Trespassers is an art collective based in Kerala, India, that produces vivid mural art in public spaces, playing with scale and perspective in their portrayal of the observed, the implied and the imagined. The collective has six active members – Ambady Kannan, Arjun Gopi Nadh, Jinil Manikandan, Pranav Prabhakaran, Vishnu Priyan and Jatin. There is a seventh member, Vishnu Kumar, who is currently inactive, and will resume participation in Trespassers soon. The members met in college, and their partnership was sparked by a shared interest in how they might extend their individual fine art practices outside gallery spaces.
Manikandan explains to STIR: “We wanted everyone to experience our art. Common people are not familiar with gallery spaces, so we decided to work on public walls in order to disseminate our practice. In their everyday lives, people will pass by the walls we work on. Through their day-to-day activities, they will come to understand our practice.”
Trespassers are also in dialogue with gallery culture, having recently participated in the exhibition Who Are These Outsiders? (February 4-12, 2023) followed by Outsiders (April 13-May 21, 2023), curated by the Indian artist Amitabh Kumar for Gallery XXL in Mumbai, which is a young art gallery for post-graffiti and urban contemporary art. Recently, Trespassers also collaborated with the not-for-profit organisation St+art India at Sassoon Docks, Mumbai. “[Gallery XXL], found us through St+art India and suggested we do something on canvas with them,” Manikandan says. “Sassoon docks before that was the first time we did something indoors.”
Manikandan expresses a desire to capture the imaginations of children through the collective’s mural making practice. He points to the 19th-century Indian artist Raja Ravi Varma, who revolutionised accessibility to art in India by printing calendars featuring his work, and tells STIR: “If we successfully extend our work into the public space, then the next generation will have greater awareness of this practice, and will themselves produce graffiti art and murals in the future.” He is, however, quick to make a distinction between the two, and positions Trespassers squarely within the realm of mural making. The artist says: “We are muralists. We always ask for permission prior to beginning a mural and try to take public support or make it a collaborative process. We are contributing elements to an existing space.” While most of the public collaboration Manikandan is referring to entails creative inputs from interested onlookers, the collective has also undertaken projects in collaboration with institutions, most notably, with schools across both general and special education streams.

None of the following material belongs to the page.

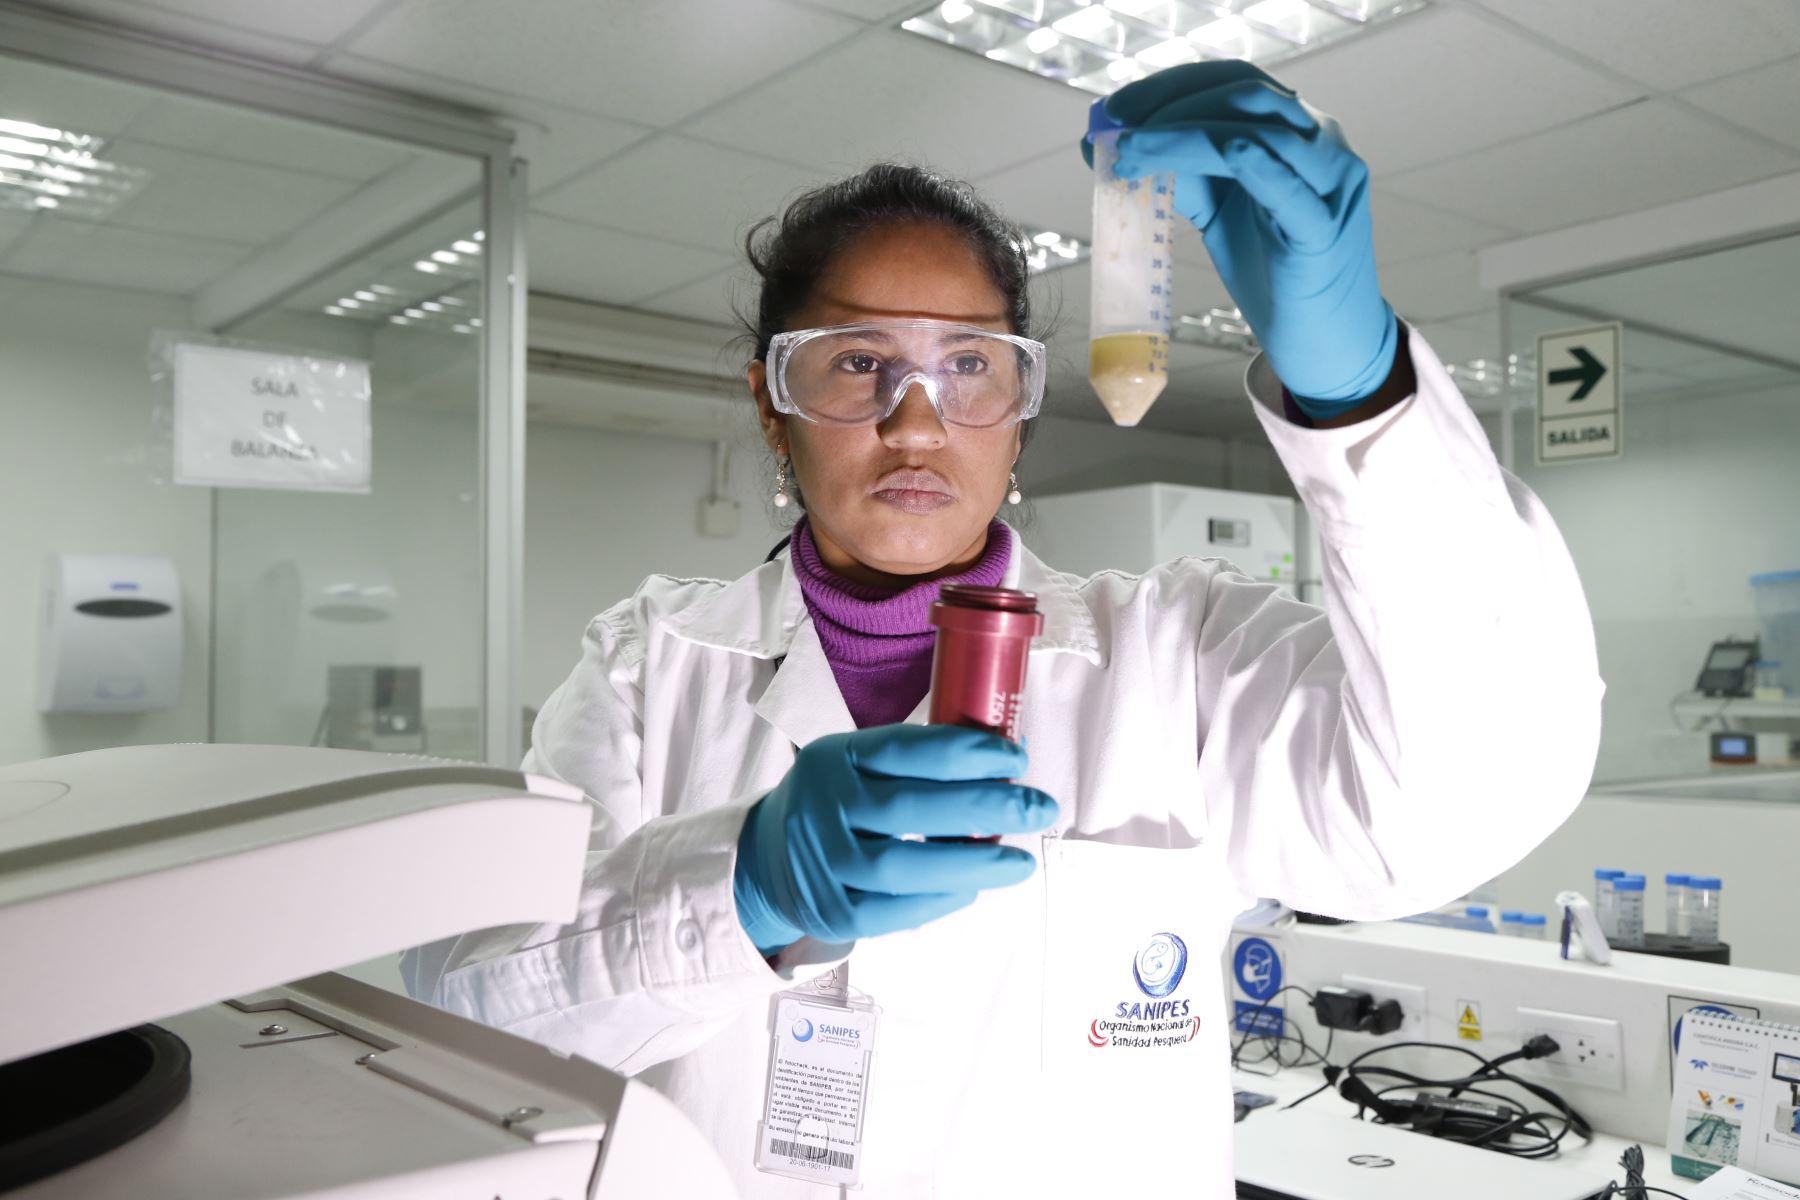 Labor de Sanipes cuida la salud de consumidores.Foto:  ANDINA/Difusión.
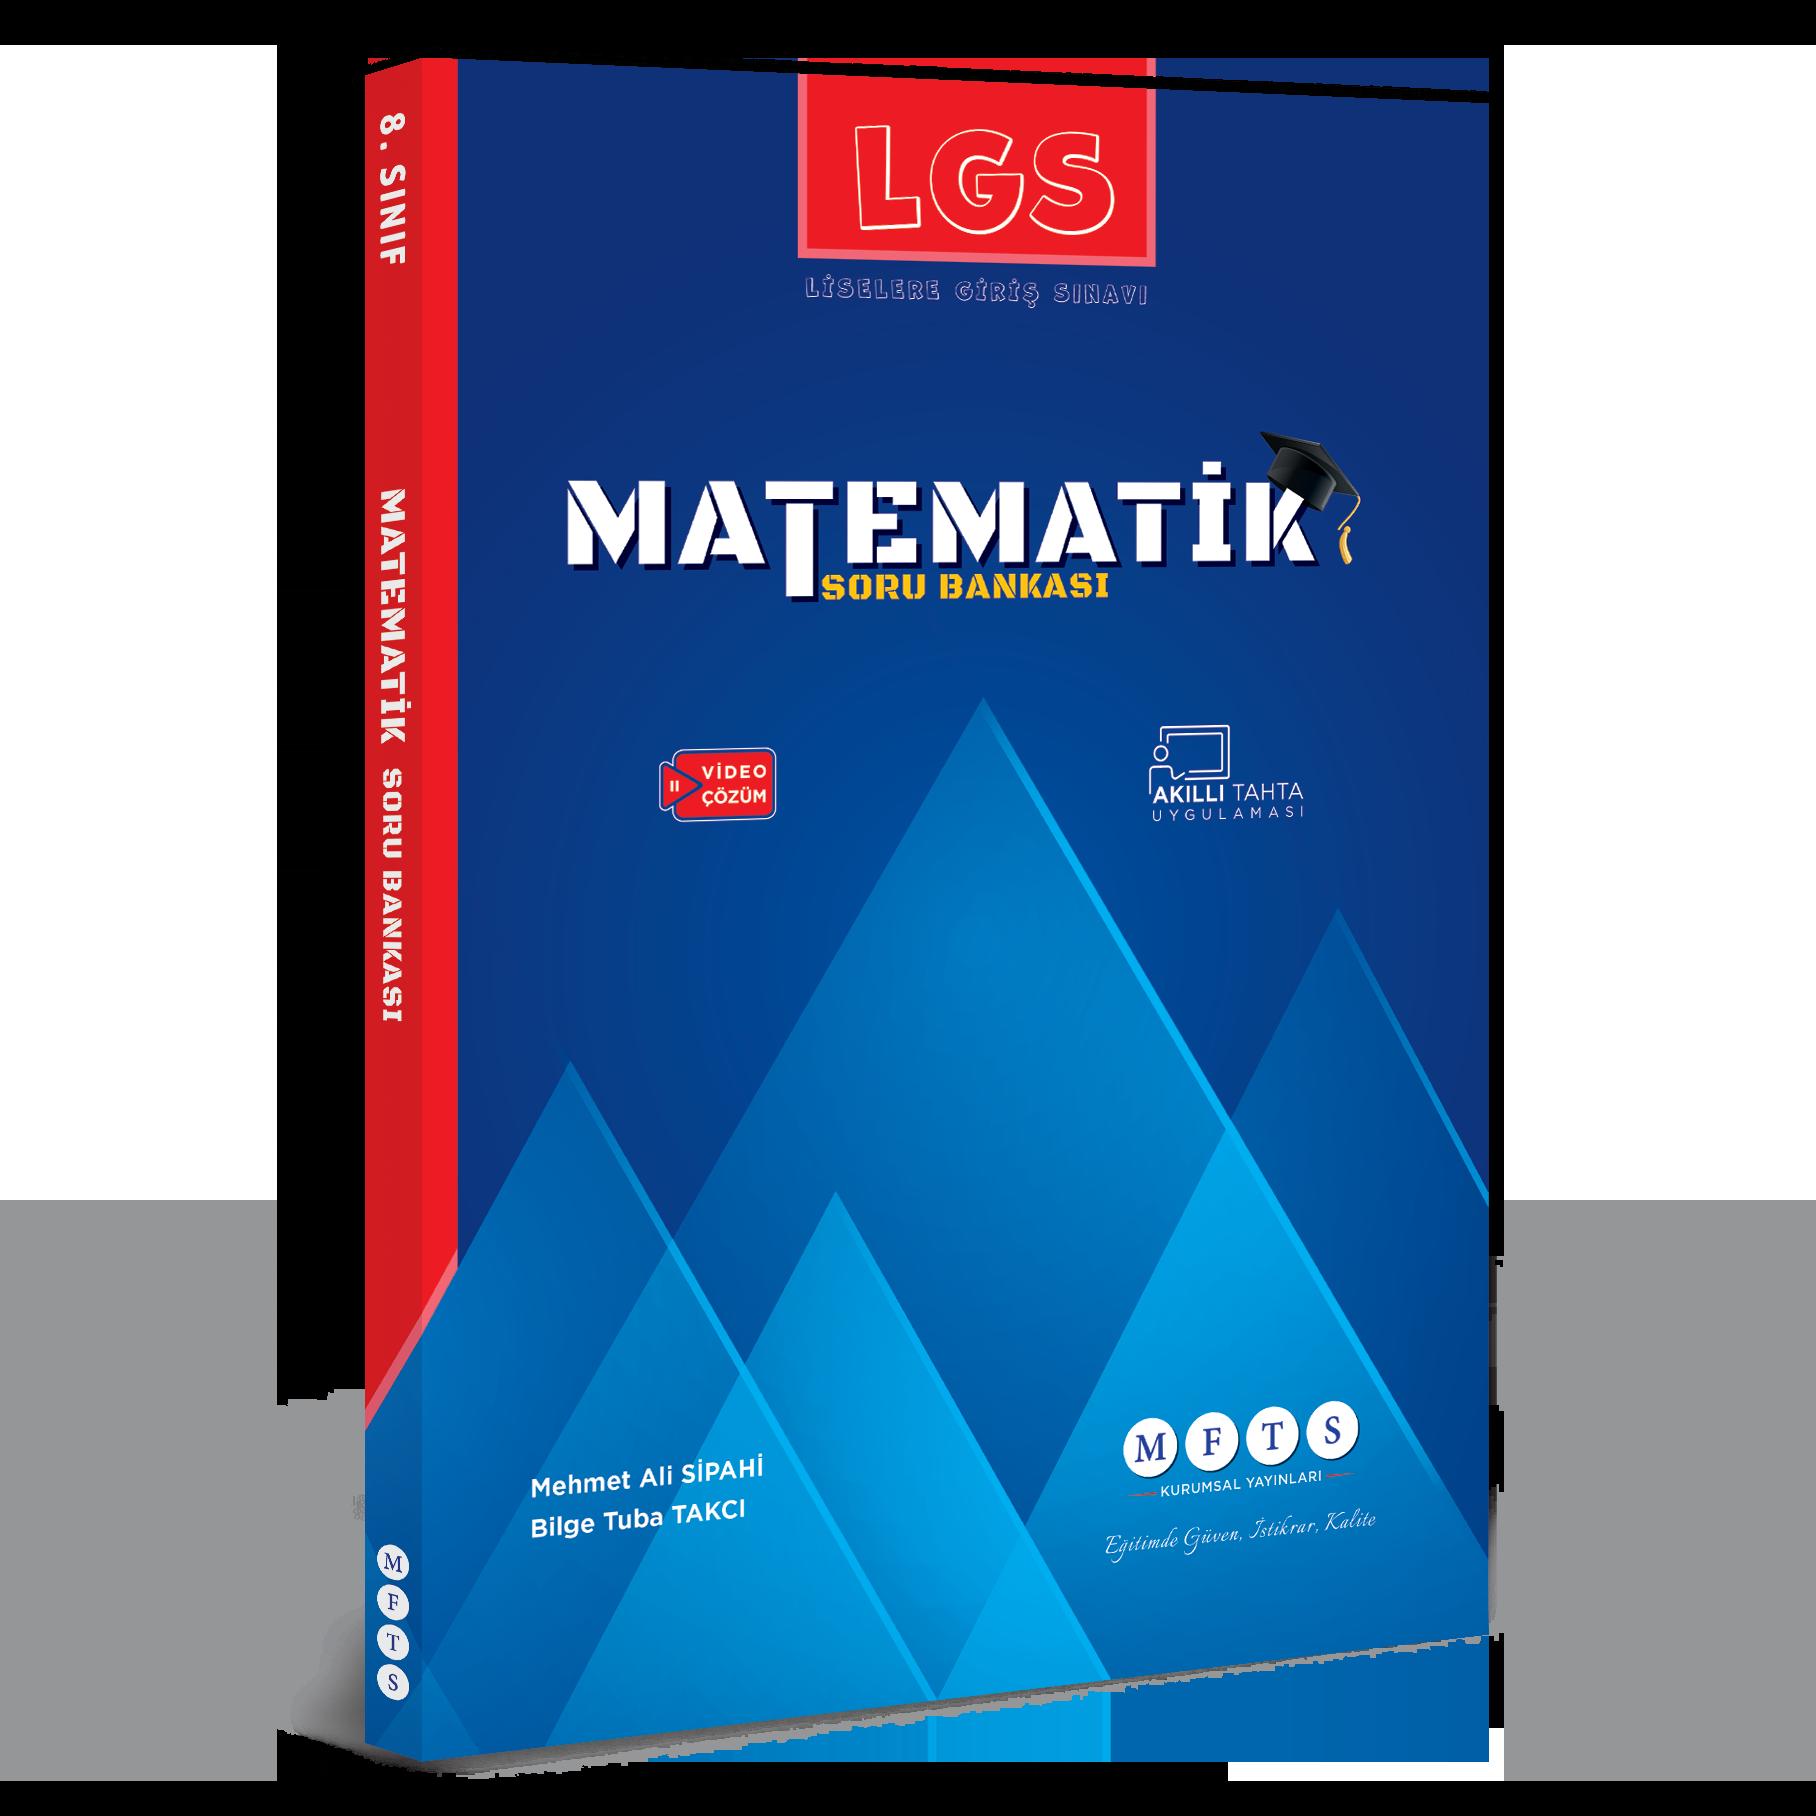 fenbilimlerimerkezi.net yayinlar: LGS Matematik Soru Bankası

Trespassers’ commitment to maintaining a warm, collaborative relationship with their audience is certainly a positive, however it is also rather ironic, considering the group’s name. When asked about this, Manikandan responds with good humour, explaining that the name has nothing to do with property trespassing, but rather is meant to reference the collective’s desire to embed their visual art within the imaginations of the people that come across their works. In his words: “We want to unconsciously contribute to someone’s visual memory. That is where the name ‘Trespassers’ comes from. We are trespassing into the mental space of our audience.”
The group has a decentralised structure, extending into their creative process, with one member beginning an image and another adding to it, and so on until the project is complete. Manikandan says: “Until it ends, we don’t know what the result will look like.” A large part of Trespassers’ public collaboration comes from the collectives’ efforts to instil a nostalgic sentiment for a bygone Kerala within their work, through the creative inputs of folks whose lived memories stretch beyond the period of rapid development that the state, and indeed large swathes of India, are now seeing. In particular, elements of Kerala’s rich cultural heritage such as traditional boats and headgear associated with the Kathakali dance form pop out from within the visual tapestries that the collective weaves. Manikandan expands on this, saying: “we undertake a data collection process before starting to work. We ask the people around the site to share childhood experiences and memories with us. These also find their way into our work.” After thinking for a moment, he adds: “You will see less electronics and plastic items in our murals. This is not conscious, but I have observed it.”
The Trespassers collective is steadily expanding its public art footprint across India, having presented works in Mumbai, as mentioned earlier, and more recently, through a project undertaken in collaboration with the Vayeda Brothers, who work in the Warli folk art style, at Azim Premji University in Bangalore. Meanwhile, the collective’s community-centric work and collaborative projects with educational institutions continue to foster an appreciation for mural making among audiences of all ages in Kerala, laying the seeds for the growth of an underrepresented medium in Indian art.